Quand on est offensé par son prochain, et que l’on s’abstient de lui en faire la réprimande, on risque de développer à son encontre un sentiment de haine, et de vouloir se venger de lui, ou tout au moins de lui garder rancune. C’est à ce propos que la Torah nous met en garde et ordonne : « Tu ne haïras pas ton frère en ton cœur ; aie soin de réprimander ton prochain, et tu ne porteras pas de faute à cause de lui. Tu ne te vengeras point, ni ne garderas rancune aux enfants de ton peuple, et tu aimeras ton prochain comme toi-même, Je suis l’Éternel » (Lv 19, 17-18).
Qu’est-ce que la vengeance, qu’est-ce que la rancune que la Torah interdit ? Si Ruben demande à Simon de lui prêter son marteau et que Simon refuse ; que, le lendemain, Simon vienne demander à Ruben de lui prêter son tournevis ; et que Ruben dise à Simon : « Puisque hier tu ne m’as pas accordé le prêt du marteau, je ne te prêterai pas mon tournevis », Ruben enfreint l’interdit « Tu ne te vengeras point ». S’il dit à Simon : « Constate que je ne suis pas méchant comme toi ! Tu n’as pas voulu me prêter le marteau, mais moi j’ai pitié d’un misérable comme toi, aussi je te prêterai mon tournevis », il enfreint l’interdit « Tu ne garderas point rancune ». Nos sages ont enseigné : « À quoi cela ressemble-t-il ? À un homme qui marchait, dont le pied a chancelé, et qui est tombé, se blessant la main. Se peut-il que la main prenne un marteau pour briser la jambe afin de se venger de la blessure qu’elle lui a causée ? » Ainsi, tout Israël doit ressentir qu’il est une seule et même âme, partagée en différents membres ; aussi ne convient-il pas que, lorsque l’un des membres est blessé par tel autre, il lui rende sa blessure, ajoutant encore douleur et souffrance.
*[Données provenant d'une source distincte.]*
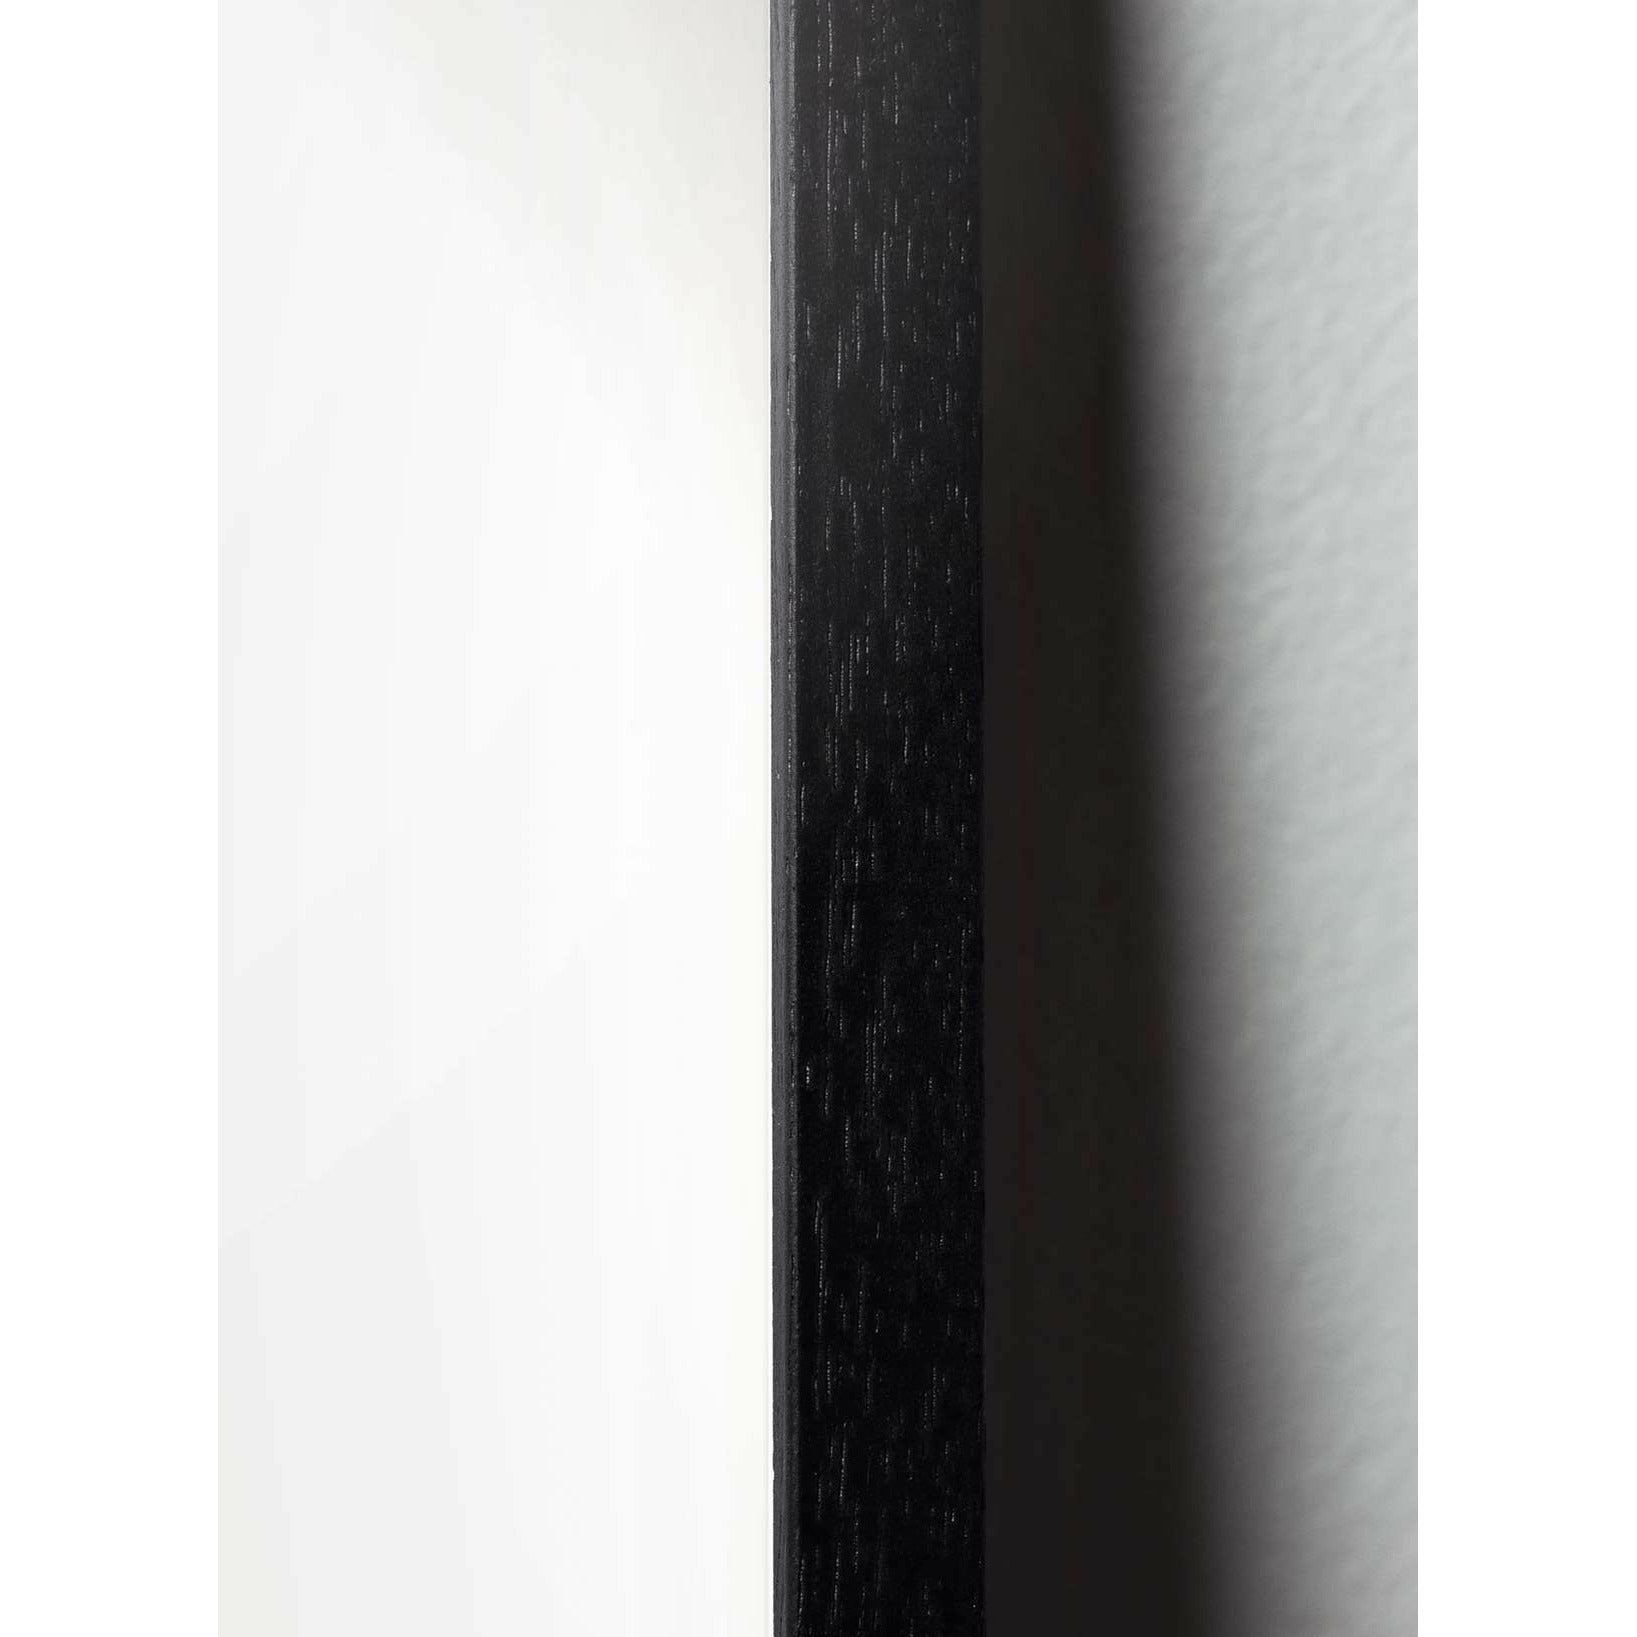 Brainchild Blumentopf Classic Poster, Rahmen aus schwarz lackiertem Holz 70x100 cm, dunkelblauer Hintergrund

Que faut-il donc faire ? Le mieux est de réprimander son prochain avec affection et amitié, afin de prévenir la formation de quelque animosité entre lui et soi. Et il est préférable de faire cela avant que notre prochain n’ait besoin de nous demander un service, car, au moment où il aura besoin de notre service, la réprimande risque de l’offenser. Cependant, si, malgré la valeur de la mitsva de réprimande, on préfère s’abstenir de la formuler, soit parce que l’on est gêné de réprimander son prochain, soit parce que l’on craint que ladite réprimande n’envenime la situation, on aura l’obligation d’effacer l’affront de son cœur. En effet, dès lors que l’on ne réprimande pas son prochain, on n’a aucun droit d’être fâché envers lui. On est certes fondé à s’éloigner quelque peu de lui, afin de ne plus s’exposer à quelque autre vexation, mais il est interdit de se conduire envers lui de manière hostile, ou de l’ignorer. Si donc on le rencontre, on le saluera, et s’il nous demande quelque service, on l’aidera de bon cœur.
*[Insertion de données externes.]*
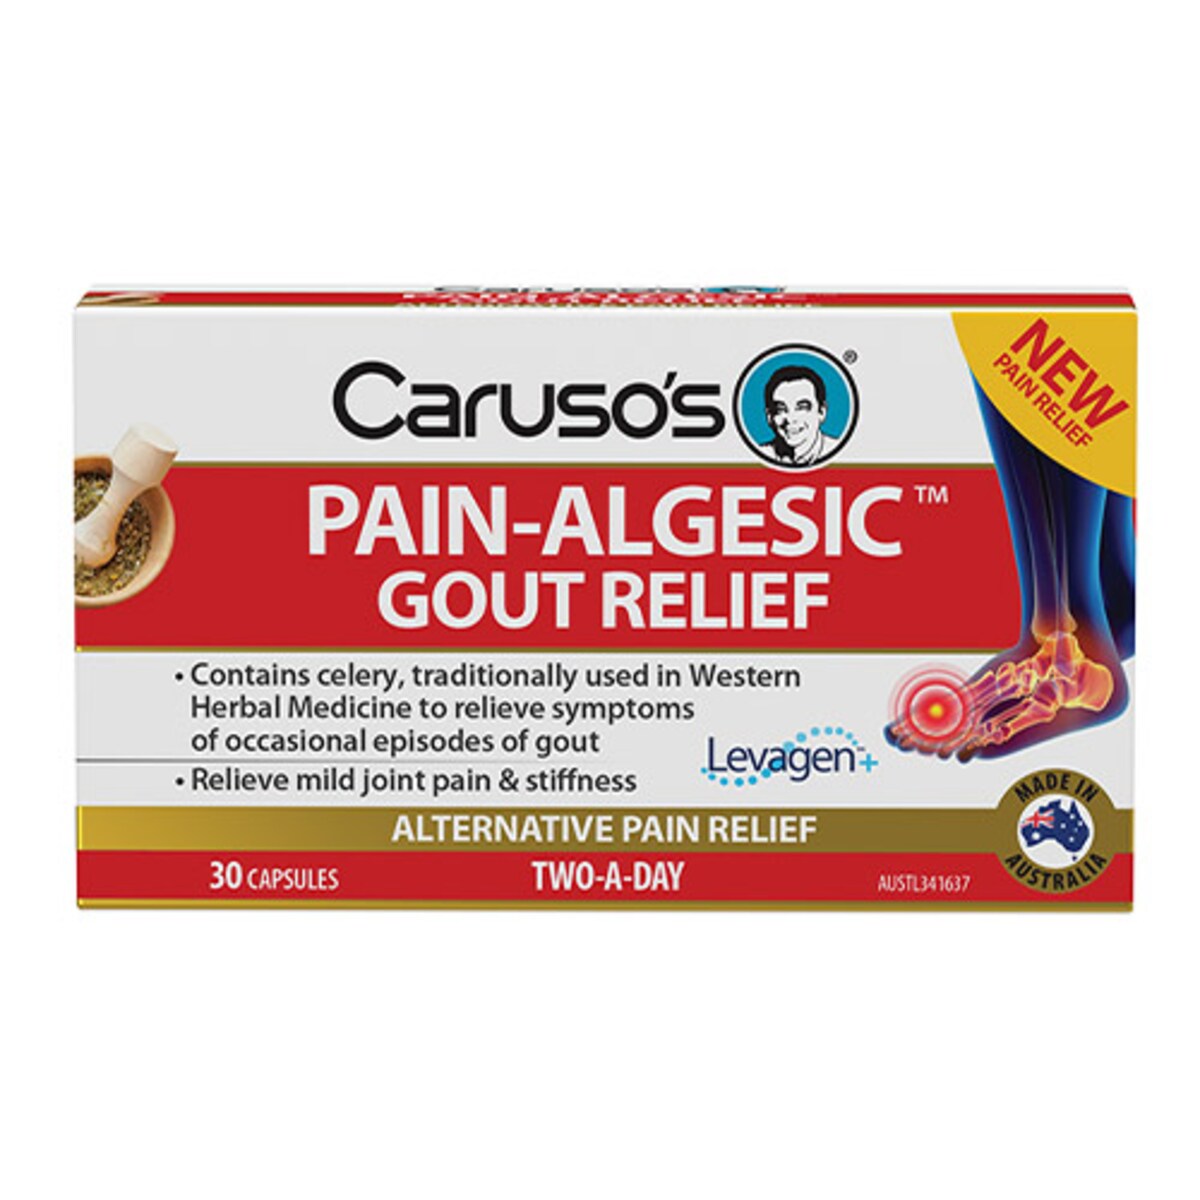 Carusos Pain-Algesic Gout Relief 30 Capsules

Grâce à l’observance de ces mitsvot, la majorité des disputes sont réfrénées, car même quand l’une des parties ne s’est pas comportée correctement, la dispute ne continue pas de se développer, dès lors que l’autre partie se garde de toute vengeance ou rancune. Celui qui surmonte son penchant au mal, et s’abstient de haïr les créatures, de se venger ou de garder rancune, a le mérite d’accéder à la vertu de modestie, qui lui permettra de regarder le monde avec bienveillance, de se réjouir de la vie, de diriger ses forces vers le développement de ses talents et de remplir son destin. De plus, on méritera d’avoir davantage d’amis, et moins d’ennemis.